(WHAT YOU ARE ASKED TO DO) Reproduce the listing below exactly, except for its pictures.

(DATA SEGMENT)
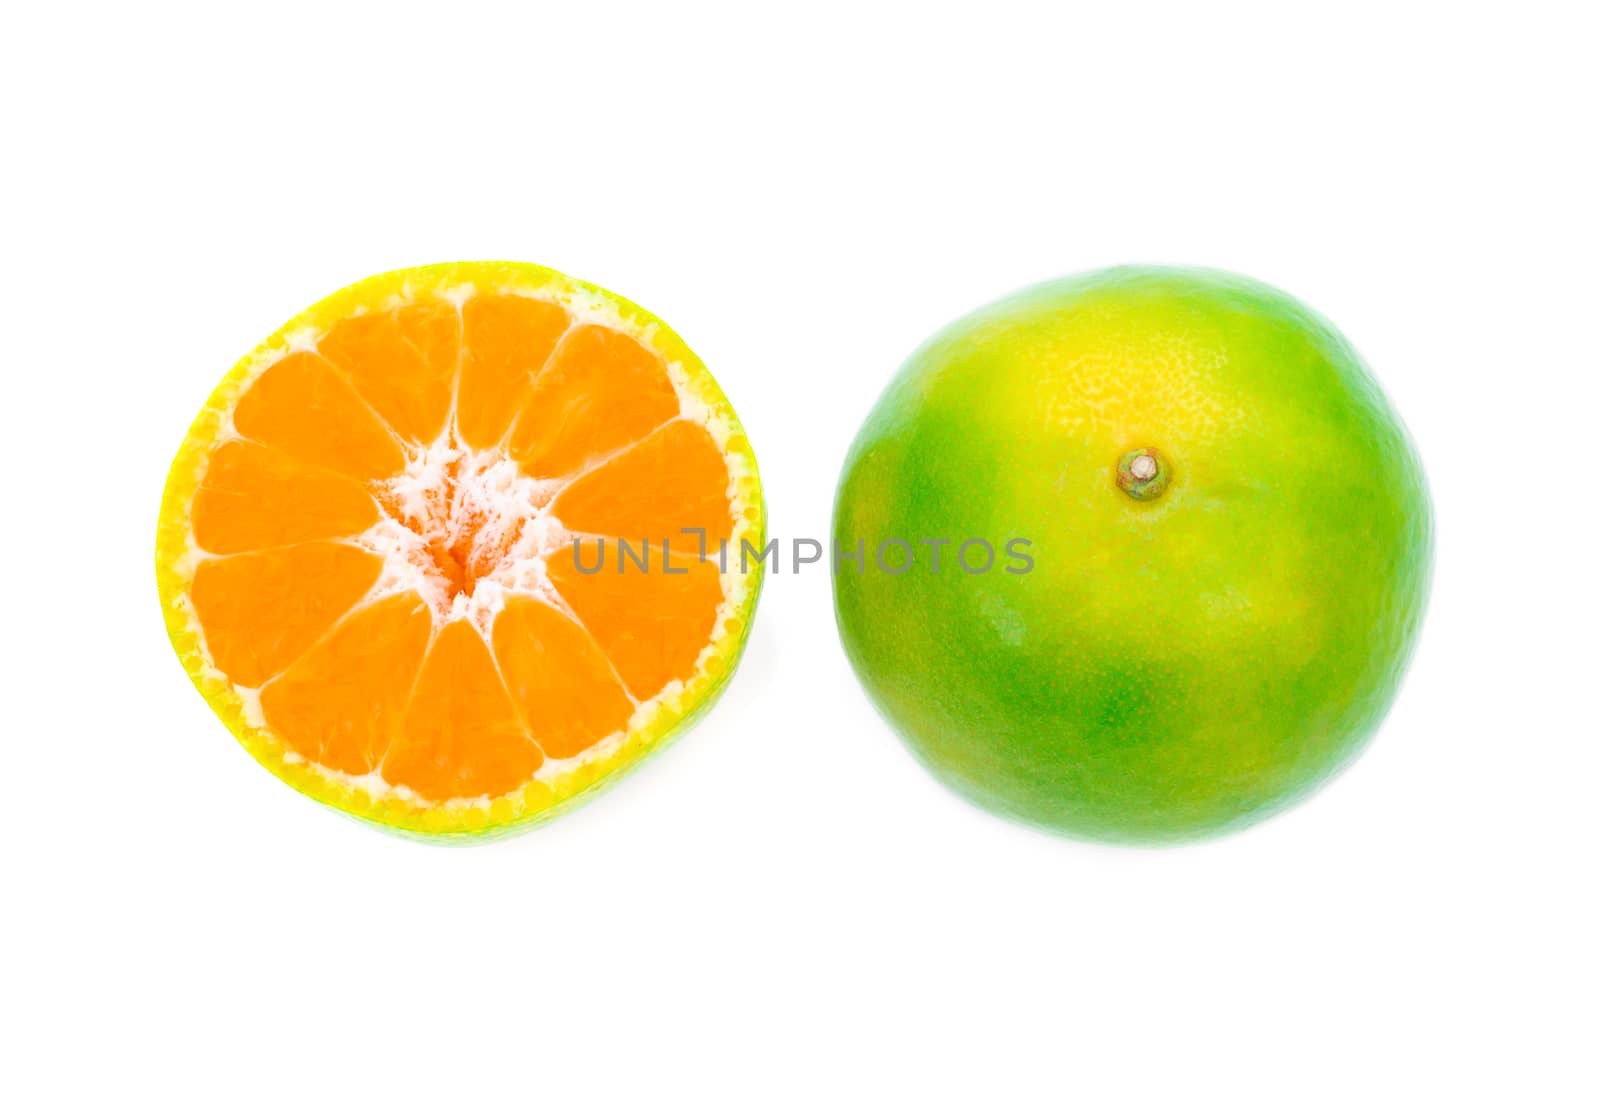 Shogun oranges fruit on a white background by sompongtom
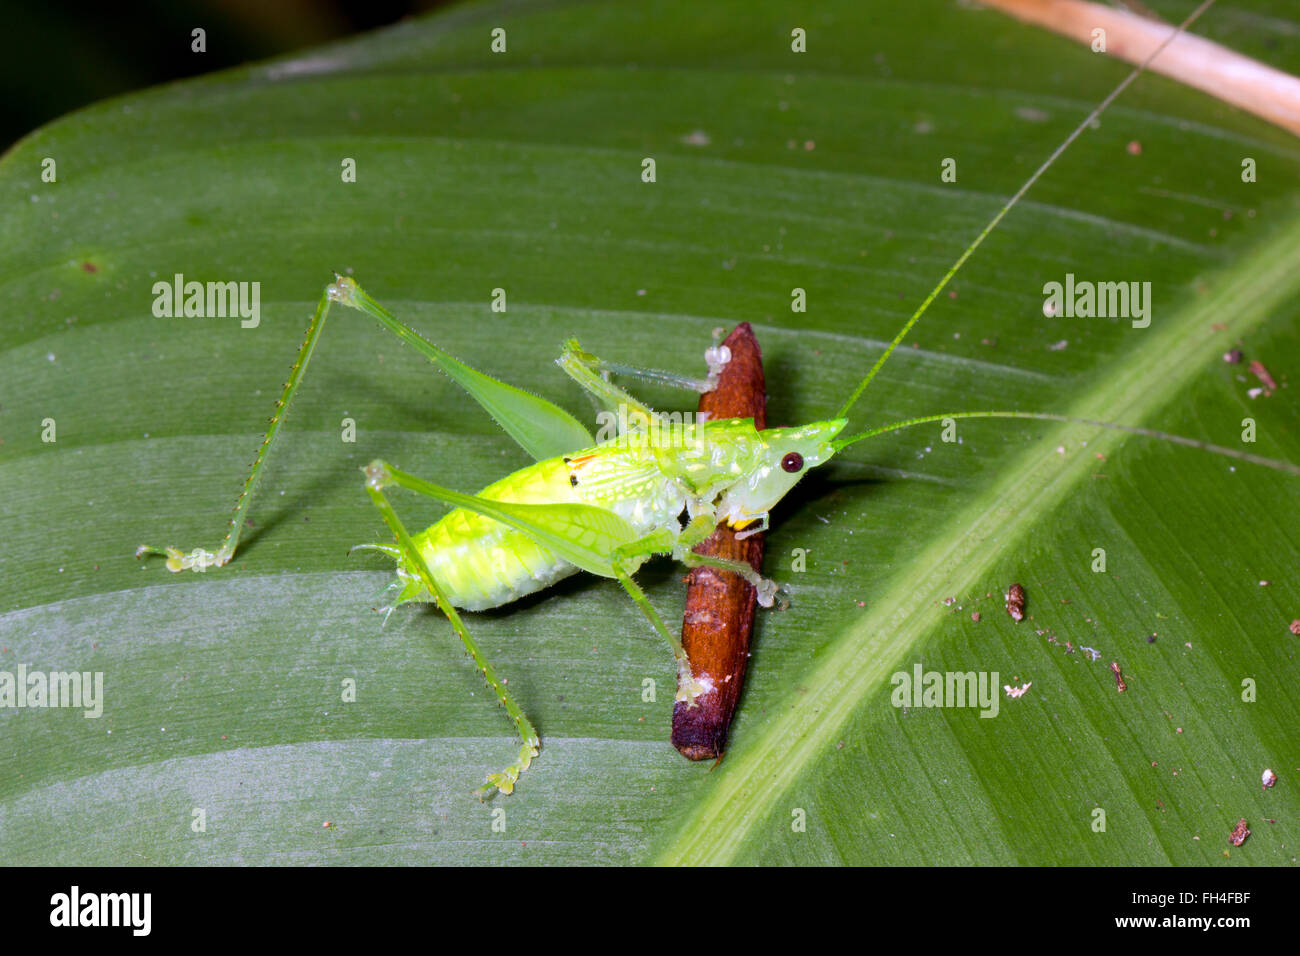 A juvenile conehead katydid (family Tettigoniidae) eating a piece of fallen fruit on a rainforest leaf, Pastaza province,Ecuador Stock Photo
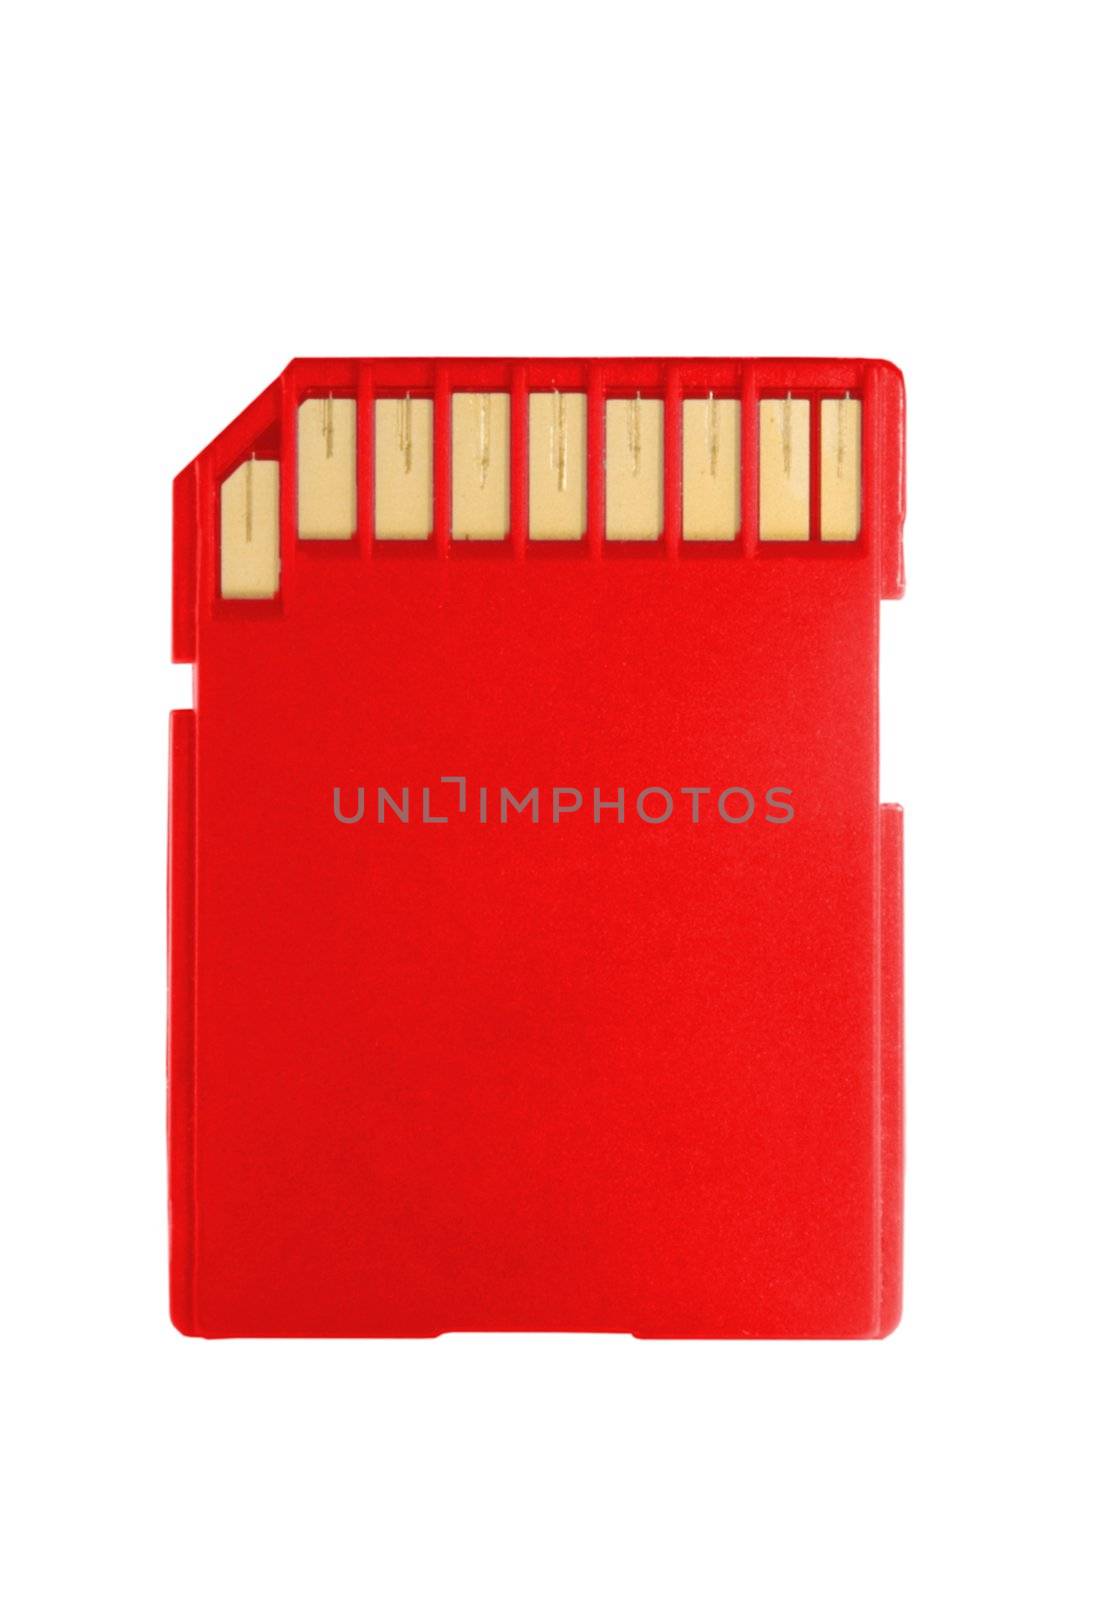 color memory sd card data storage device for cameras, portable sound by Trebuchet

(EXPECTED ANSWER)
 Shogun oranges fruit on a white background by sompongtom
 A juvenile conehead katydid (family Tettigoniidae) eating a piece of fallen fruit on a rainforest leaf, Pastaza province,Ecuador Stock Photo
 color memory sd card data storage device for cameras, portable sound by Trebuchet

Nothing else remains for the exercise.